Winterpills main man, the beloved song-writing genius that is Philip B Price has been busy putting up the long promised collection of rare archive releases on Bandcamp, all lovingly remastered and meticulously remixed with more to follow soon. It's all wonderful stuff. A massive treasure-trove of musical delights including nine pre Winterpills solo albums, previously hardly available only on cassette in their time.
As well as that he has revisited his two post Maggies solo albums, the sublime Honey In The Chemicals and 13 Songs For Right Now and fleshed them out with additional instruments and overdubs, making them even greater. Then there’s a previously unreleased third album of material that got shelved when Winterpills got up and running.
Talking about Winterpills, how does six volumes of truly delightful demos, one for each of their albums, strike you? With a brand new album on the horizon, it’s time to sit down with this hugely talented individual and enjoy the pleasure of his fine company for awhile.
So what first motivated you to start this project of touching up and releasing your early cassette only releases finally?
"I’ve been wanting to do it for years. I derive a lot of inspiration and ideas from my past; I’m somewhat helplessly nostalgic, which I know is a killer, but it’s how I’m built. I’m not unrealistic about the past; I’m more fascinated with dissecting it as if I was a forensics expert who could solve all the riddles of existence by looking merely backward. I somehow envision all the answers to my baffling life are buried there.
Anyway - these cassette releases were, at the time of their making, my only real musical outlet. My band Memorial Garage was dead; I was a single dad, living in rural New Hampshire and upstate New York, working shit jobs and trying to survive. If I was serious about my music career I should have moved to a big city like New York or LA and dug in.
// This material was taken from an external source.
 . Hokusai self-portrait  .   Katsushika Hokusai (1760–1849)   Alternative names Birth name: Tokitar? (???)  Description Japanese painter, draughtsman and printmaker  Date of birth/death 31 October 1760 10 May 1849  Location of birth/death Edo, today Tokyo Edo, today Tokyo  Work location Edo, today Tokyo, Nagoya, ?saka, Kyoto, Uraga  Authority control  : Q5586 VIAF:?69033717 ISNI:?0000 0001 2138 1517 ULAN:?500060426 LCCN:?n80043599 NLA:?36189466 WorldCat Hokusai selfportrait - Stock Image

Instead I stayed isolated, agoraphobic, sealed off from the world.
I still maintain that as much love as I have for these albums, I probably would have been writing better music if I had been immersed in a creative community with some lines of communication and competition to stimulate me. That said, the isolation also served what I created in different ways that I think is still valid and sometimes great. Also, what’s done is done.
Another angle to view this all from is that I had been a studio art/lit major in college (painting, printmaking and poetry — the three p’s). There was no music scene that I was pulled into or emerged from; all my friends were visual artists and writers, and wilfully uncommercial in their tastes and lifestyles. As someone considering a life making rock/pop music, I was a genuine outsider.
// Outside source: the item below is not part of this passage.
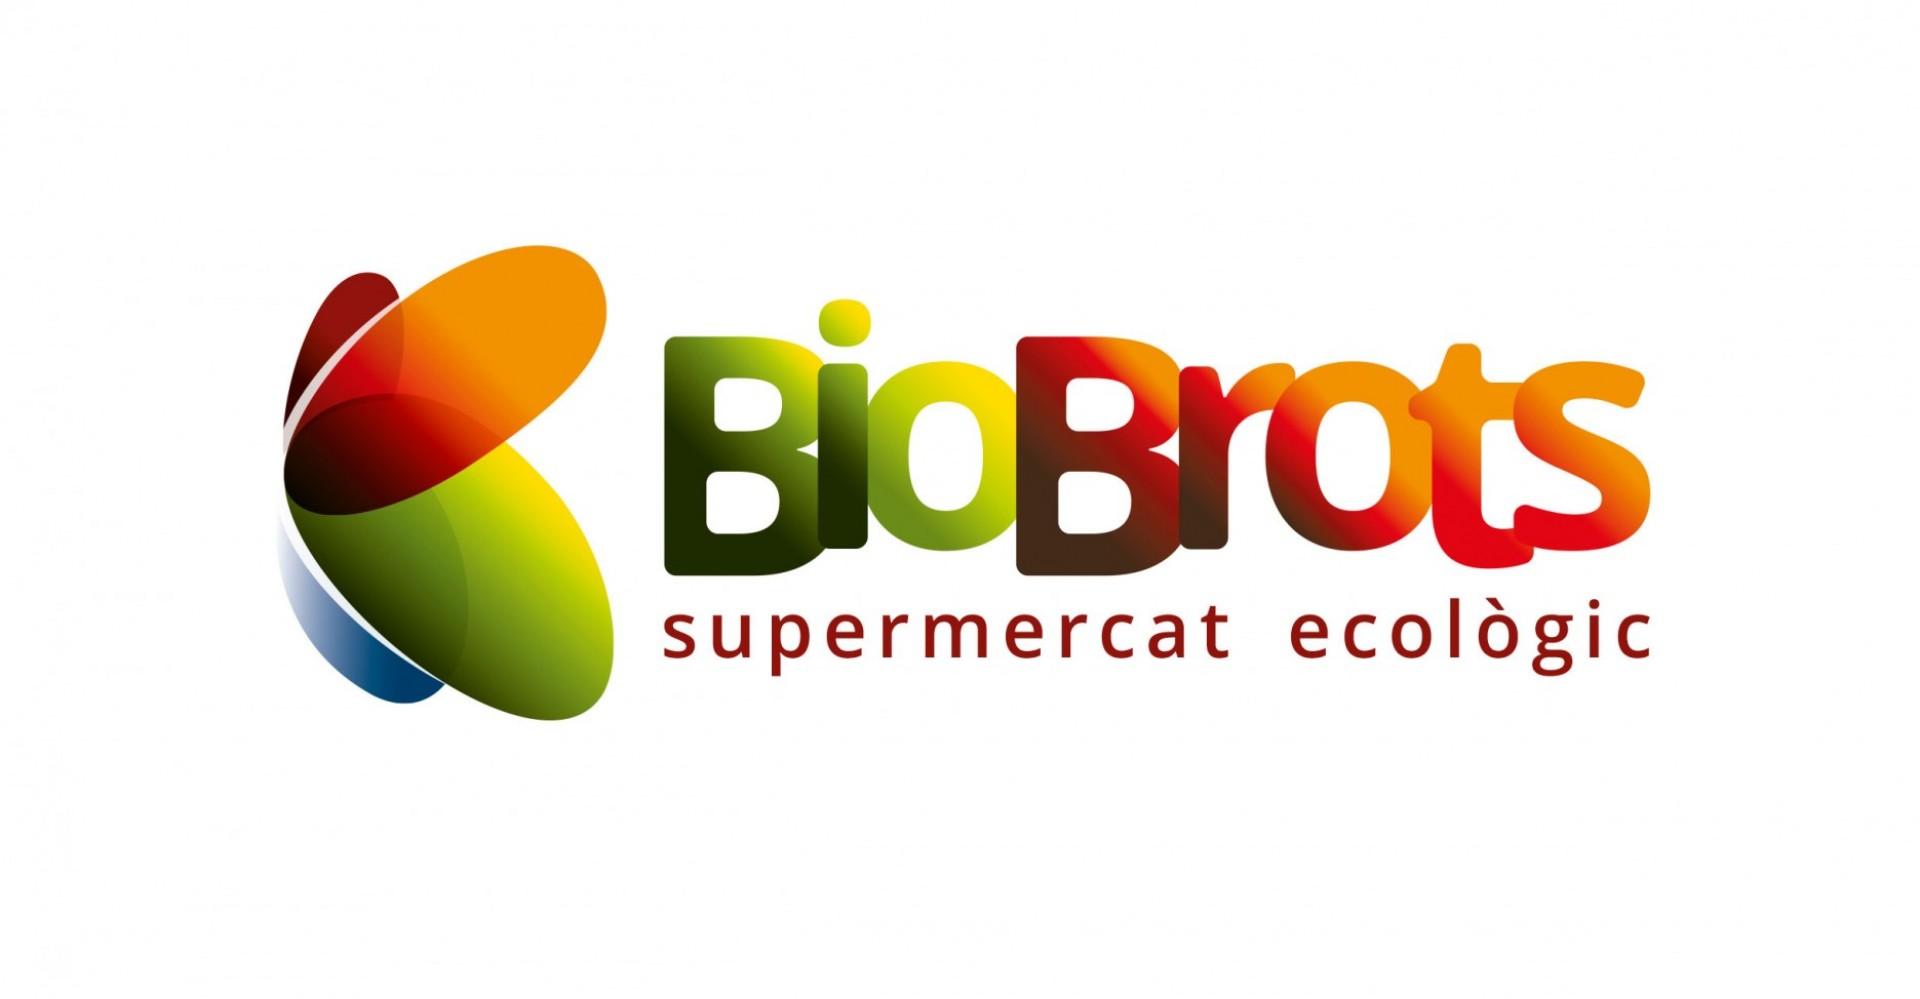 BioBrots

So, yeah, all this music that was ever properly released, never mastered, but a crafted, considered body of work that wasn’t pure shit. After Winterpills, after The Maggies, I looked at it all again and felt it deserved exposure. It was more than just bedrock (I have bedrock songs. Hundreds. They will likely remain bedrock and compost). I wanted to re-release it all, but not in its state of poorly transferred digital files from third generation cassettes. I wanted to respectfully remix it from scratch, and I had all the tools."
What source material did you have to work with?
"I’ve tried to keep every tape I ever recorded. I have a huge library of all my original 4-track and 8-track multi-track tapes and the machines that I recorded them on. I knew I would reach this point someday, so I was prepared. The process was pretty straightforward: I ran all the 4 track tapes through my digital audio interface and ripped all the separate tracks into my DAW (Logic Pro). Some were in much better condition than others, but for the most part all the tapes were in good shape.
Then I began remixing, running tracks through good compressors and EQ that I did not have at the time, cleaning things up as I went but being very mindful of leaving in pretty much everything, performance and decision-wise. While I couldn’t recreate my younger brain as far as decision-making, I did try to respect what I imagine I would have done."
Were some more straightforward than others to remix?
"One of the assets of the 4-track medium is it blissfully limits the kinds of decisions you can make by definition. Which means many of the songs were very easy to remix; I had already made so many of the decisions back then. A lot of tracks were already combined or bounced tracks, meaning they had drums/guitars on a single track, or bass/keyboards and then vocals were limited to a single track, sometimes alongside a tambourine or something else I could not separate them from. All I had to do was get them sounding as best as I could, maybe edit out some bleeds or noise.
Running these things through proper pre-amps, compressors, EQ and touches of reverb went very far in pulling the sound closer to the ‘modern ear’. That said, some were genuine challenges. Some songs were impossible to deconstruct because I was learning how to engineer at the time and made amateur mistakes that even modern technology couldn’t undo."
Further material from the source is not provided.